Numerical study of magnetohydrodynamic Blasius and Sakiadis boundary-layer flow with thermal radiation, Buoyancy effects, and convective heating over a vertical plate

Abstract

This study presents a numerical investigation of two-dimensional magnetohydrodynamic (MHD) boundary-layer flow over a vertical plate, considering both Blasius (stationary) and Sakiadis (moving) configurations. The study examines the influence of thermal radiation, buoyancy forces, and convective heating on the velocity and temperature distributions within the boundary layer. The flow of a cold fluid at a uniform velocity pass over the vertical plate, where the left surface is exposed to convective heating from a hot fluid. The governing boundary value problems are transformed into initial value problems using the shooting method and integrated numerically with a fifth-order Runge–Kutta technique for enhanced accuracy.
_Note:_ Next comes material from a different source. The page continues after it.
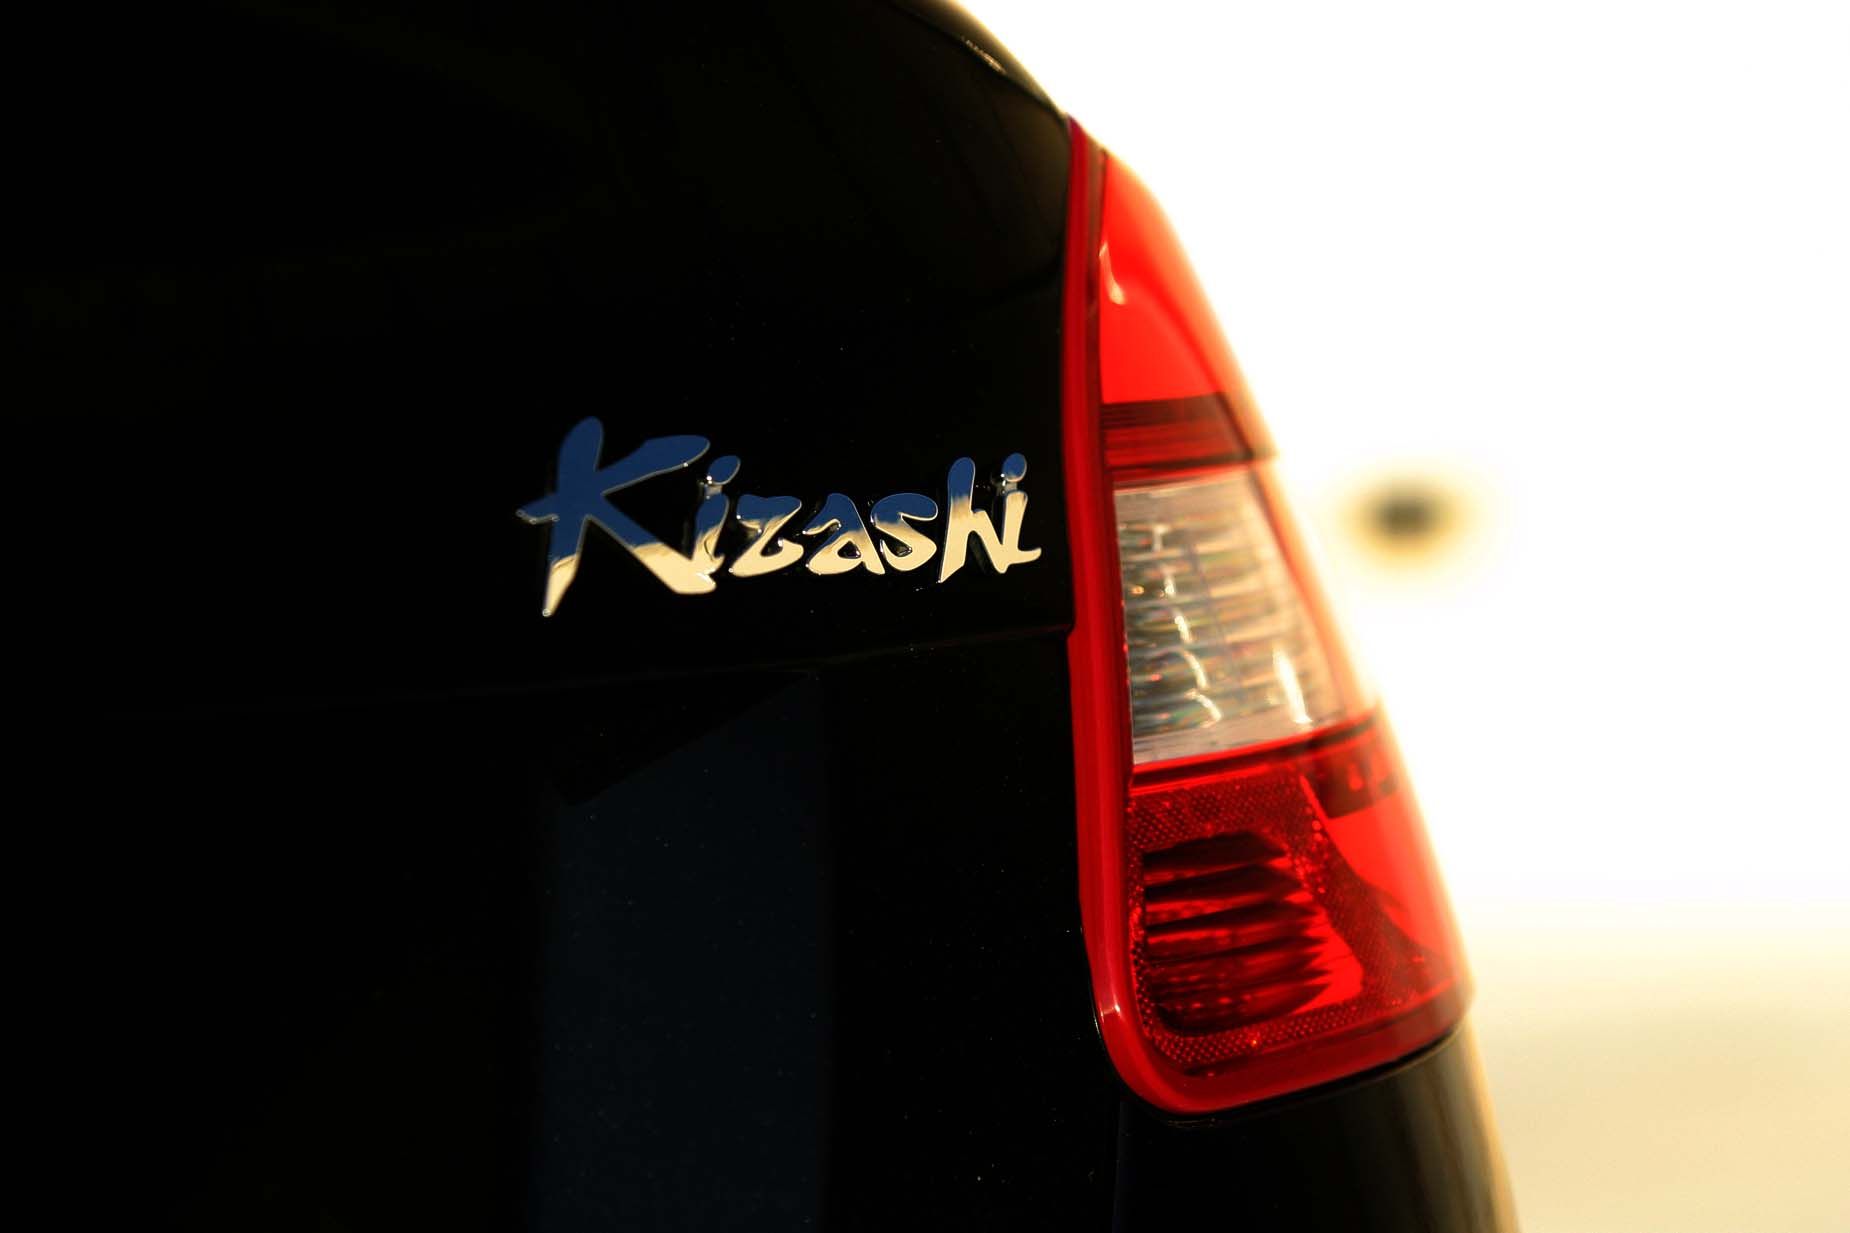 2010 Suzuki Kizashi SLS

The influence of key controlling parameters, including magnetic field strength, Prandtl number, buoyancy parameter, and thermal radiation, is analyzed through graphical and tabular representations. The results provide insight to evaluate the velocity and temperature profiles within the boundary layer for both Blasius (stationary plate) and Sakiadis (moving plate) flow configurations and can be applied to engineering processes involving heat transfer in magnetohydrodynamic (MHD) boundary-layer flows over vertical plates.